Qiang Li received a BS in electrical engineering from Xi'an Jiaotong University, Xi'an, Shannxi, China, and MS and PhD degrees in computer science from Florida International University, Miami, FL, USA. He is visiting assistant professor in the School of Computer Science at Florida International University. From September 1990 he will be an assistant professor in the Department of Electrical Engineering and Computer Science at Santa Clara University, CA, USA. His primary research interests are in parallel architectures, parallel algorithms and database machines.

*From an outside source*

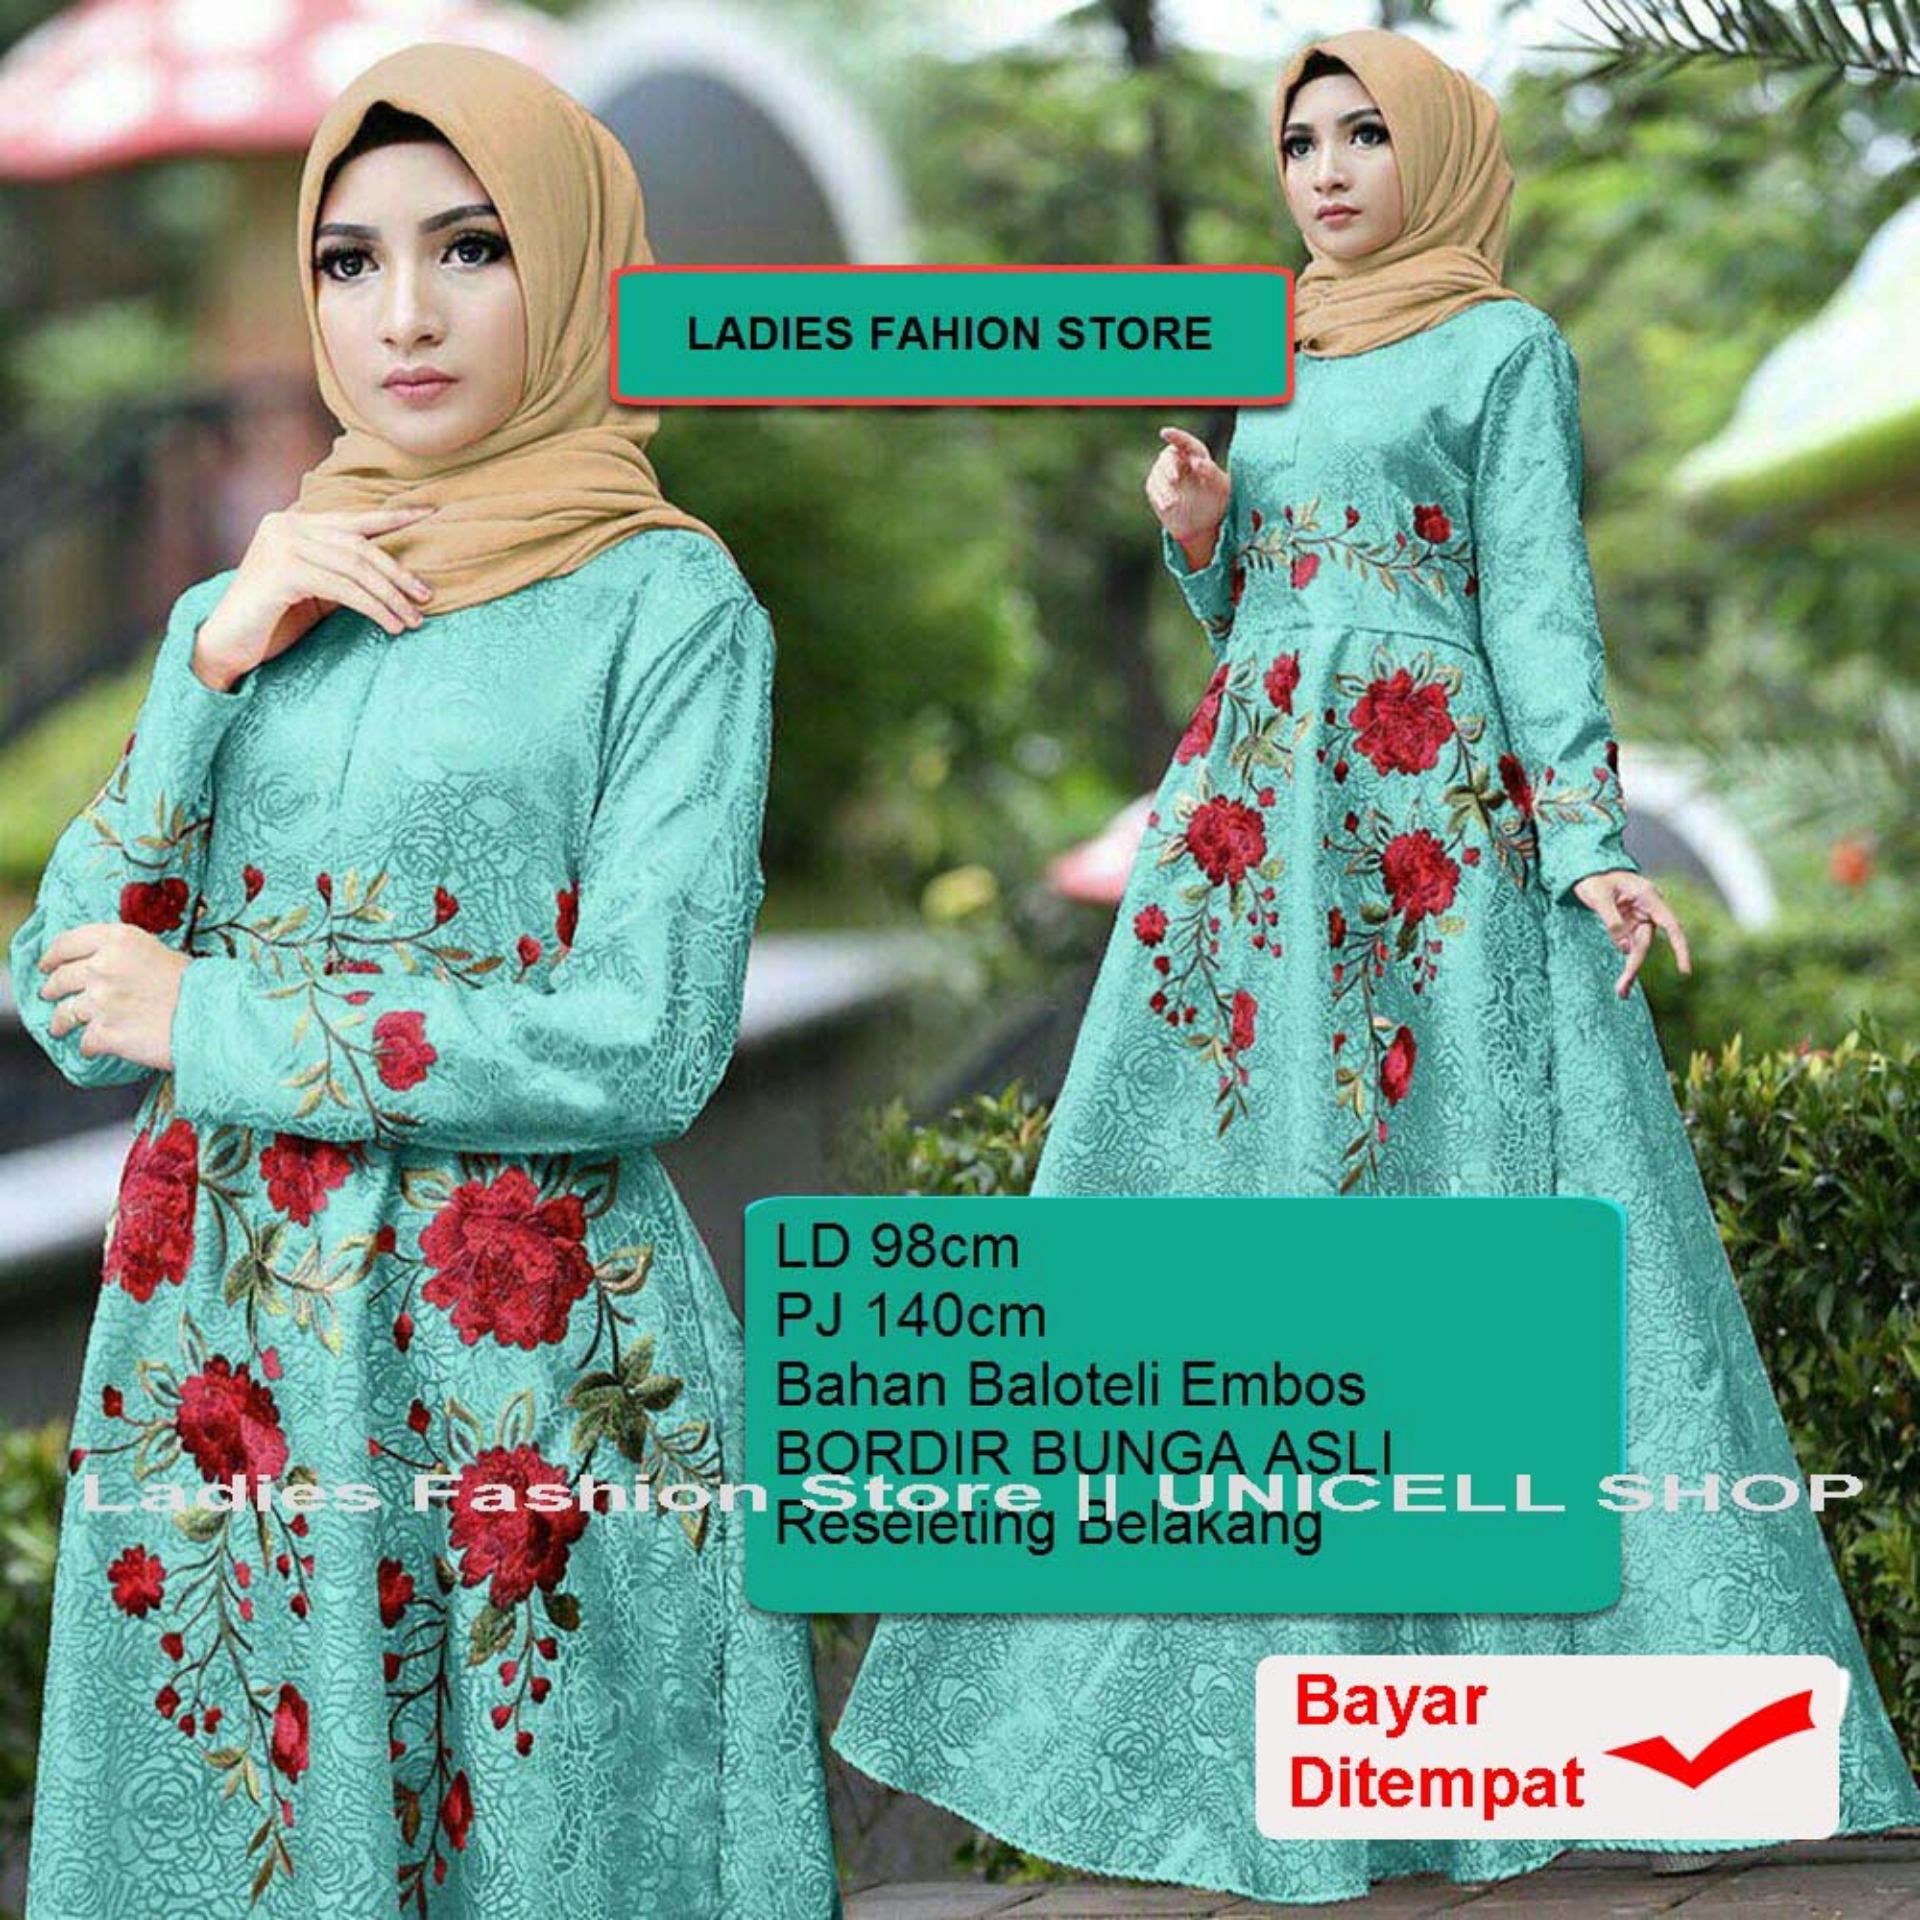 Baju Wanita Shop Dress Baju Gamis Muslim Iyana/ Set Terusan Maxi Hijab Syar'i/ Syari Simple Elegant / Baju Muslimah Wanita / Kebaya Modern Baloteli Tanpa Pasmina (anaay) SS - Tosca / Gaun Pesta
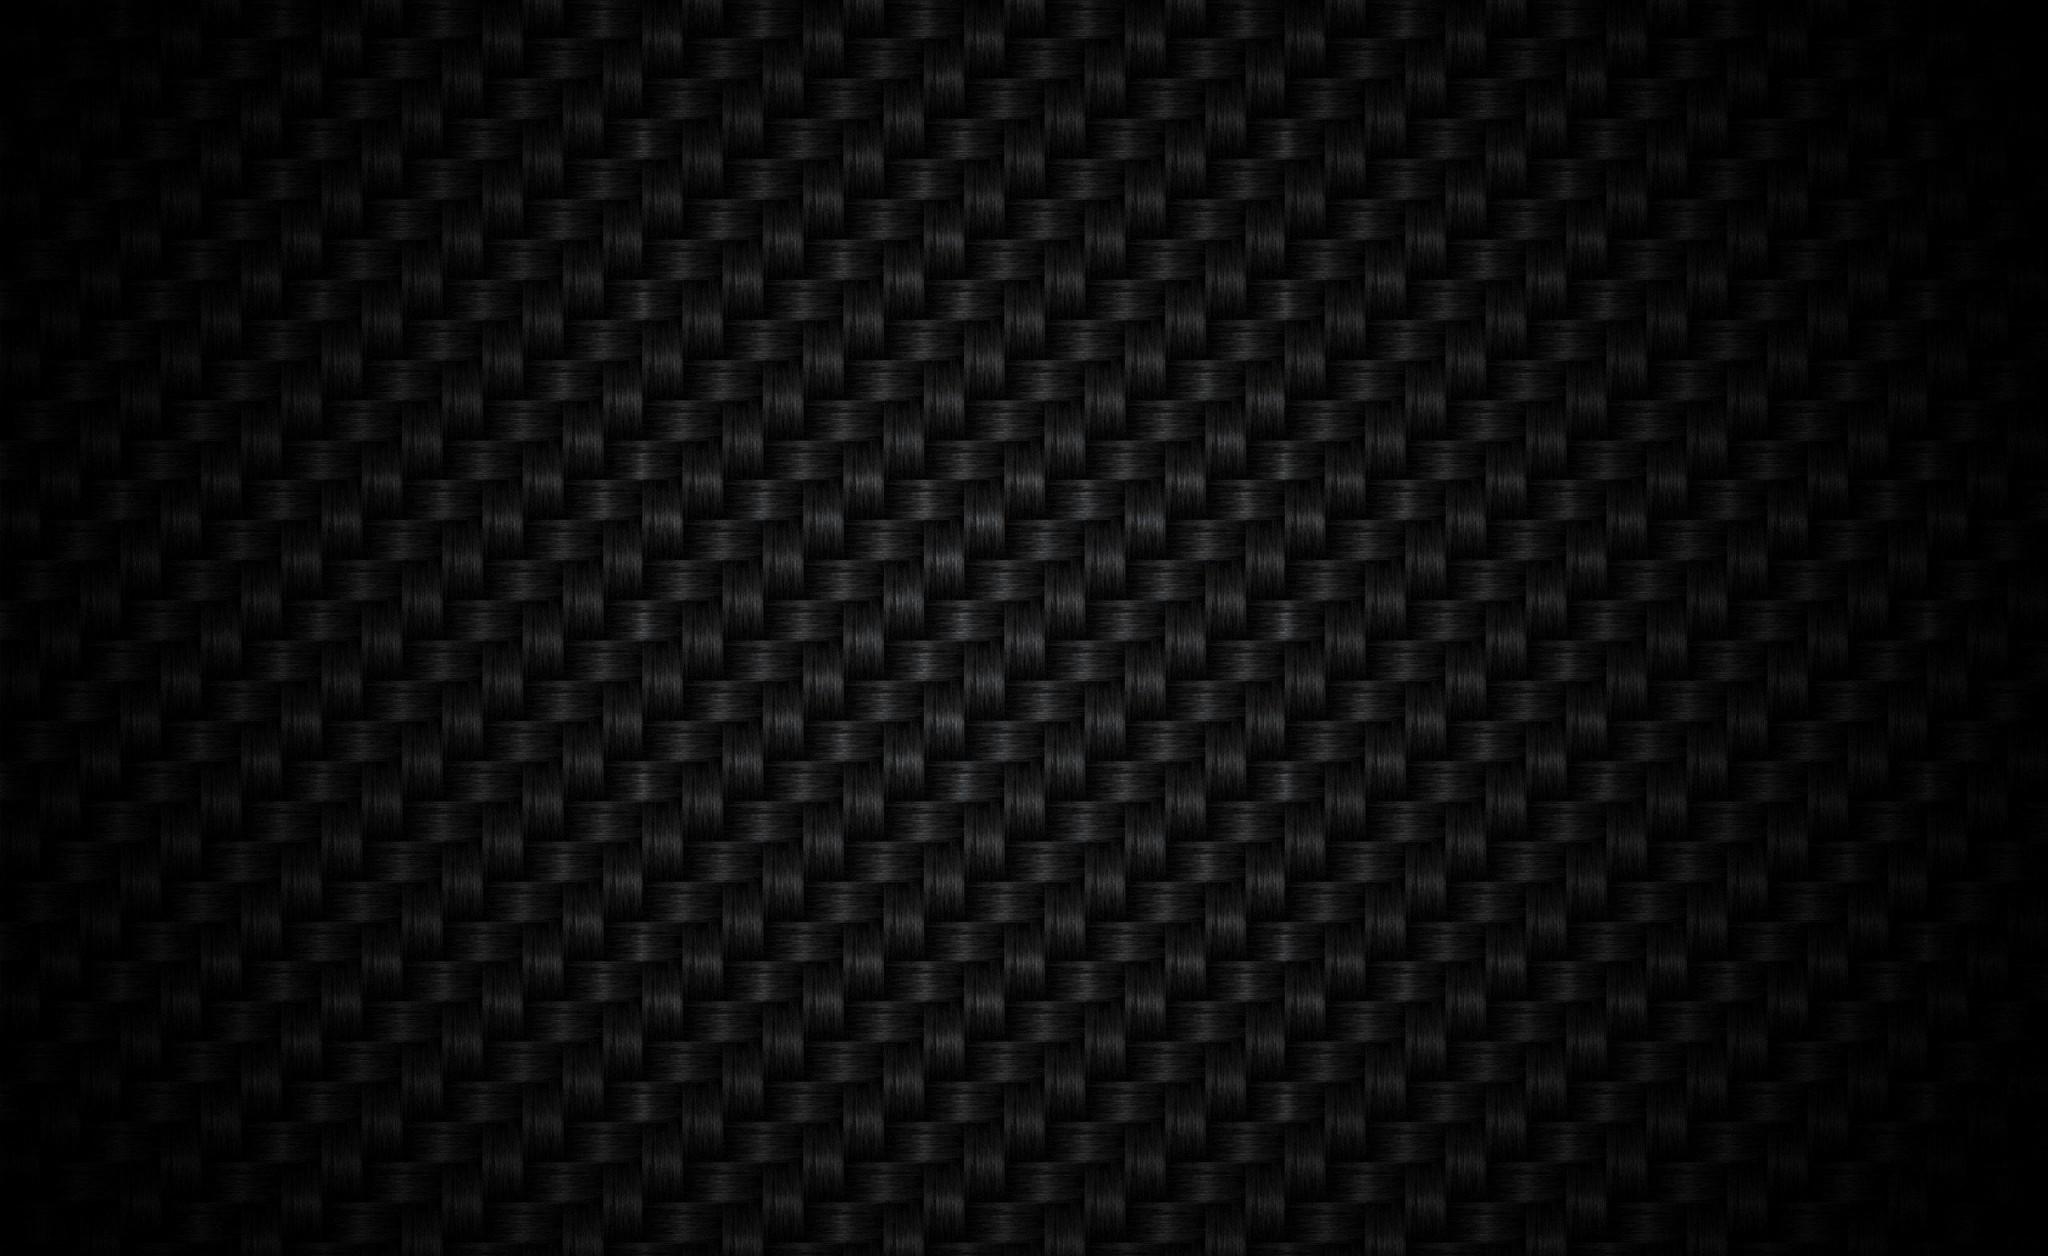 carbon fiber backgrounds images

Naphtali Rishe received BS and MS degrees in computer science from Israel Institute of Technology (Technion), and a PhD in computer science from Tel Aviv University, Israel. He is currently working as an associate professor in the School of Computer Science at Florida International University, Miami, FL, USA. His primary research interests are in databases, database machines, software engineering, and application of computer science in biomedical sciences.

Doron Tal received BS and MS degrees in electrical and computer engineering, and a PhD in computer science from Ben Gurion University, Beer-Sheva, Israel. He is currently an assistant professor in the school of computer science at Florida International University, Miami, FL, USA. His research interests are in parallel architectures, systolic arrays, database machines and operating systems.